# Want to get into road riding...which bike...



## Dcmkx2000 (Mar 18, 2010)

Bought a Specialized mount bike three years ago, never took it off-road or trail riding, and purchased it for its durability and versatility. I ride pretty much only on the road and am looking a road bikes. Main reason is that I want to be able to go on longer rides. 

Will a road bike allow me to ride longer/further? (I am a purely recreational rider, no clubs or group rides of that sort)

I want an entry level bike as I am not going to race or anything special, just go for a ride, and occasionally take it on a paved path or trail (live in northeast Ohio). Don't want a Trek, narrowed it down between Giant Defy 3, Felt Z100, and the Felt F95 (believe it or not I actually love the F95's orange color).

Not crazy about the blaw looks of the Giant, so it's between the F95 and Z100. I’m 6ft tall and weight 170lbs.

What do you recommend? Any info would be greatly appreciated.


----------



## PJ352 (Dec 5, 2007)

Dcmkx2000 said:


> Bought a Specialized mount bike three years ago, never took it off-road or trail riding, and purchased it for its durability and versatility. I ride pretty much only on the road and am looking a road bikes. Main reason is that I want to be able to go on longer rides.
> 
> Will a road bike allow me to ride longer/further? (I am a purely recreational rider, no clubs or group rides of that sort)
> 
> ...


The type of bike you choose ideally is based on the type(s) of rding you're planning on doing, general fitness and goals - to name but three.

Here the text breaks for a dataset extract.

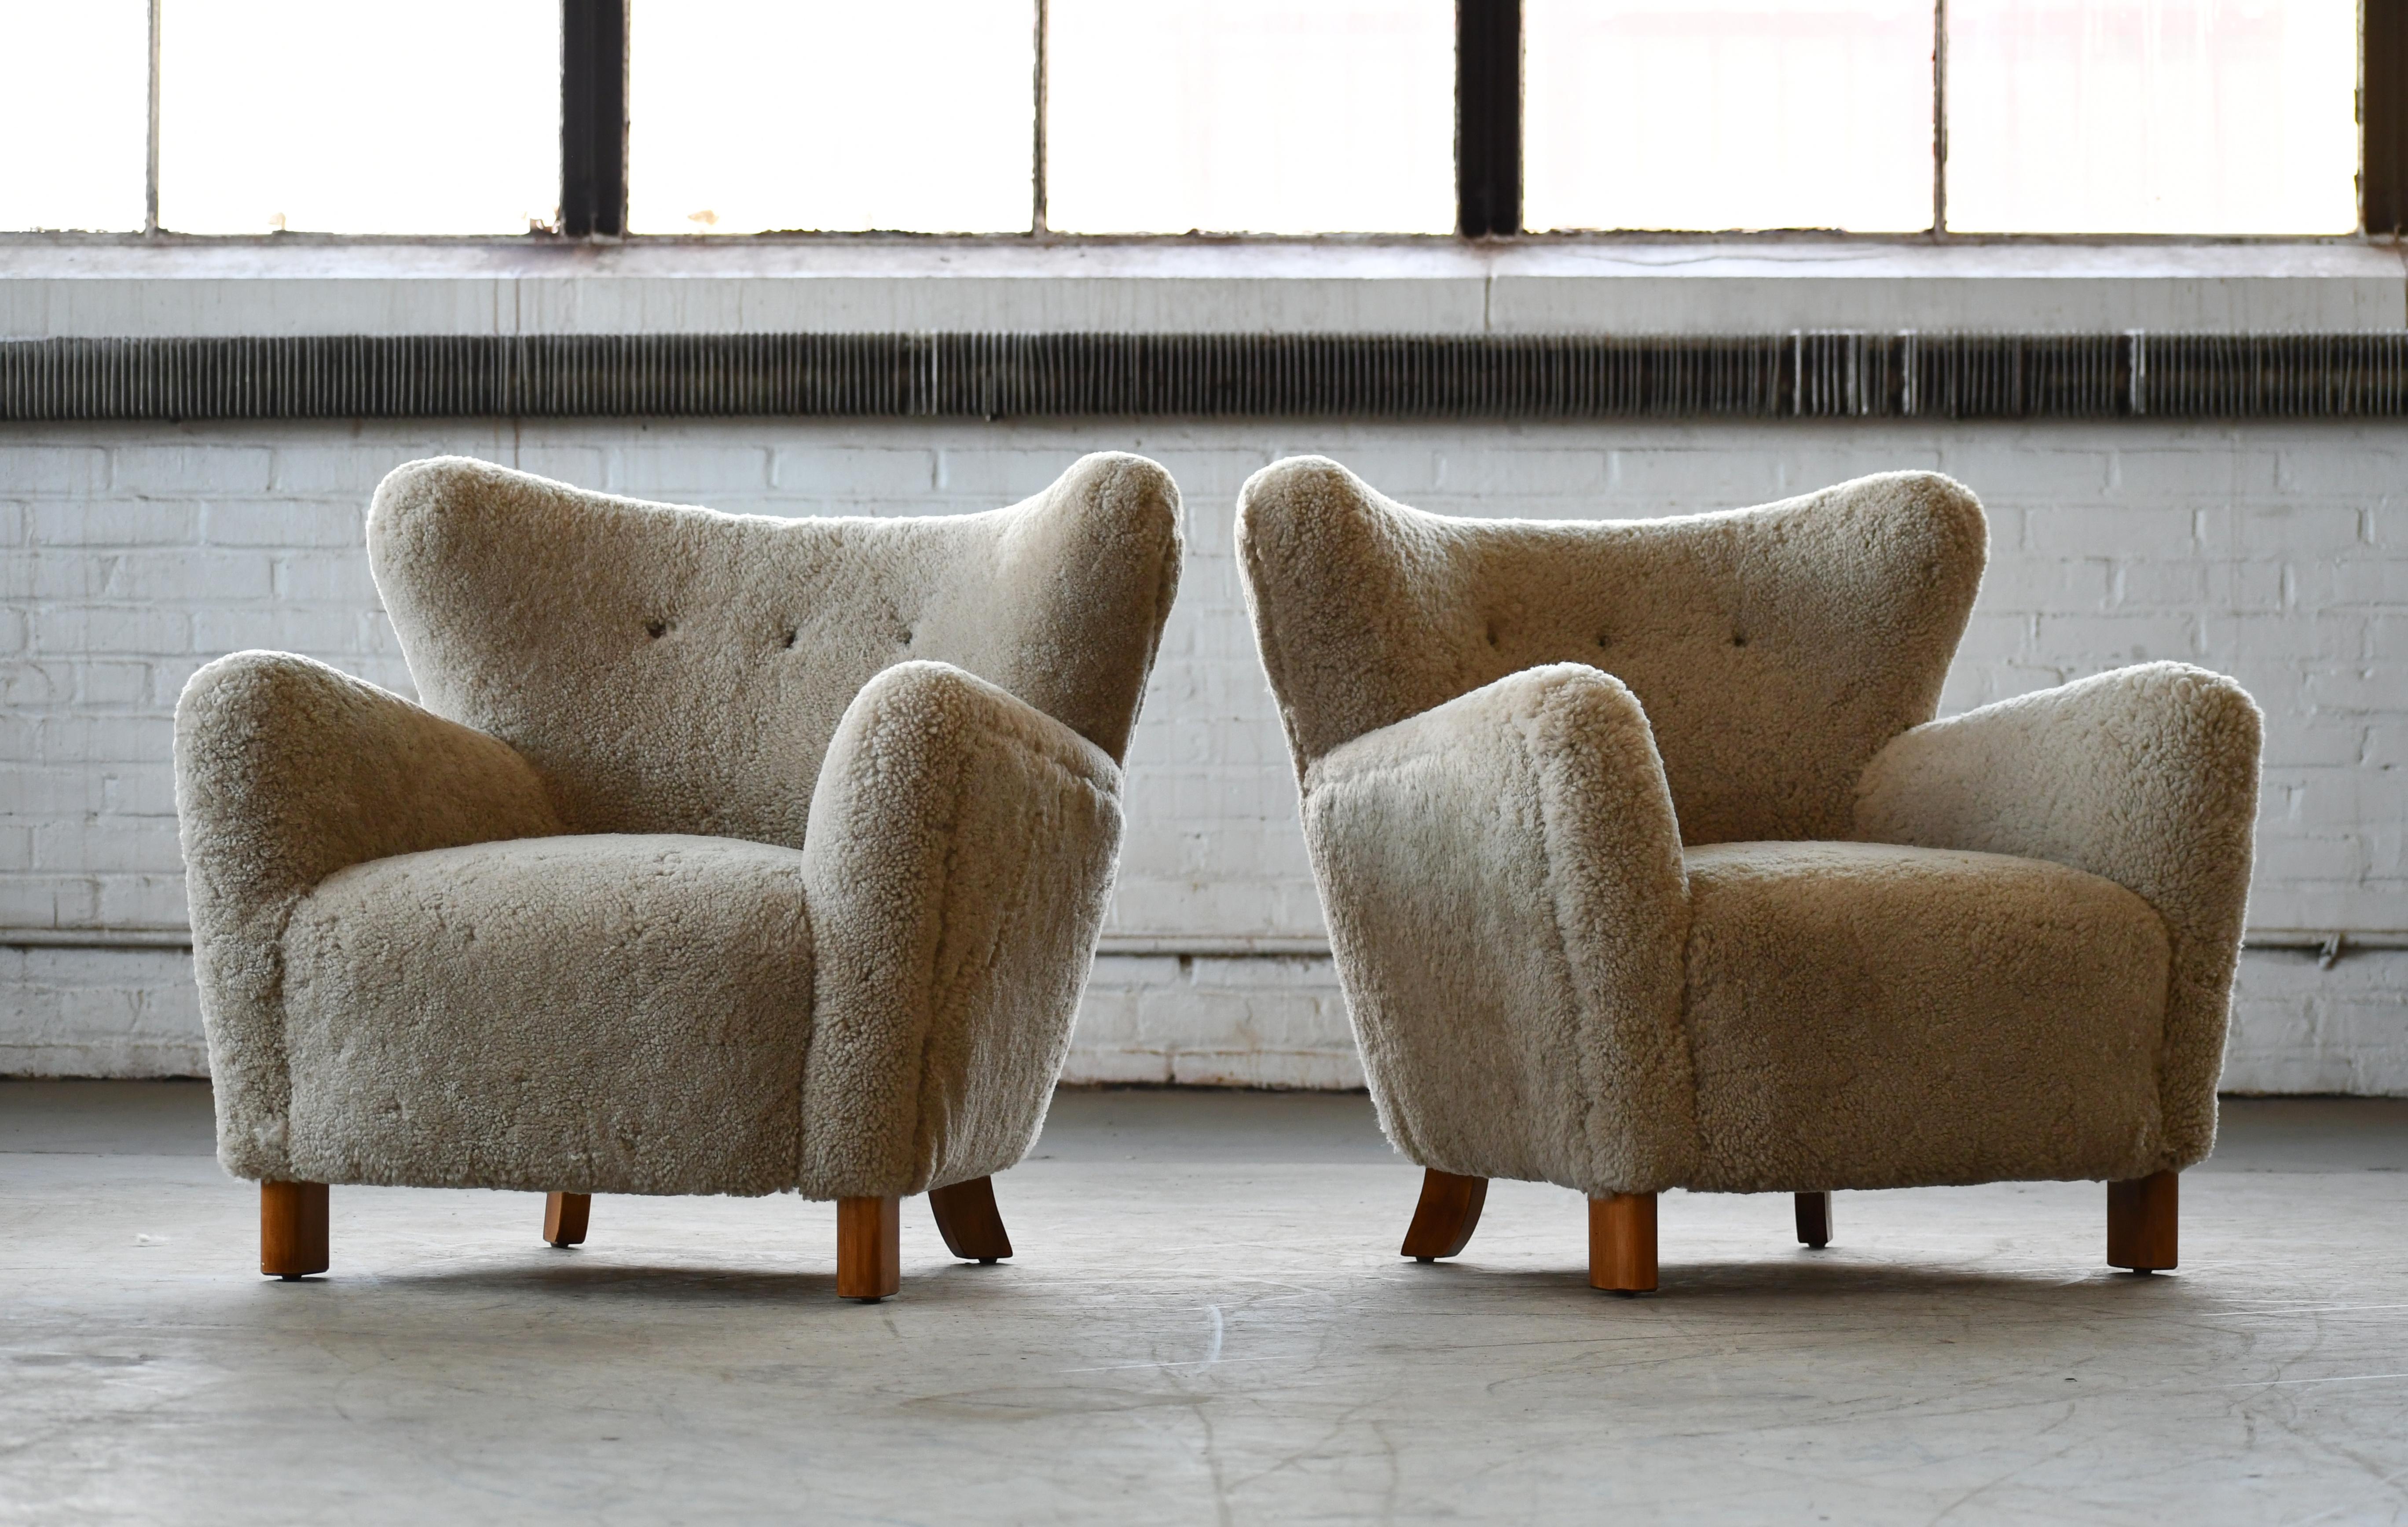 Magnifique paire exubérante de nouvelles chaises longues modernes danoises de notre propre conception. Le design s'inspire des designs classiques des années 1940, mais avec nos propres variations de design et des dimensions actualisées. Les chaises

Since you've been riding a mtn bike and considering the types of riding you've offered, I'd lean towards the Z series bikes over the F series. I say this because if you compare the geo of the two, you'll see that the Z series allows for a slightly more relaxed rider postion - meaning somewhat more upright. The bike will also handle a little slower (some say, predictably) which you may also prefer. Conversely, the F series is, pure and simple, a race bike. And the geo reflect that intent. Lower, more aggressive rider position, quicker (some will say twitchy) handling.... so, if racing/ competition isn't in your future, I'd say the Z is the better option.

You mentioned the Giant Defy (along the same lines as the Z), but there are others. Trek Pilot, Specialized Secteur and Jamis Satellite (steel) along with the C'dale Synapse.

All that said, IME the best way to determine preference is to ride some bikes. Fit is very important with road bikes, so working with a reputable LBS is important as well. Once sized and fitted to some bikes, head out on the road for test rides. Based on fit/ feel, ride and handling, I'd guess you'll know pretty quickly which bke is for you.


----------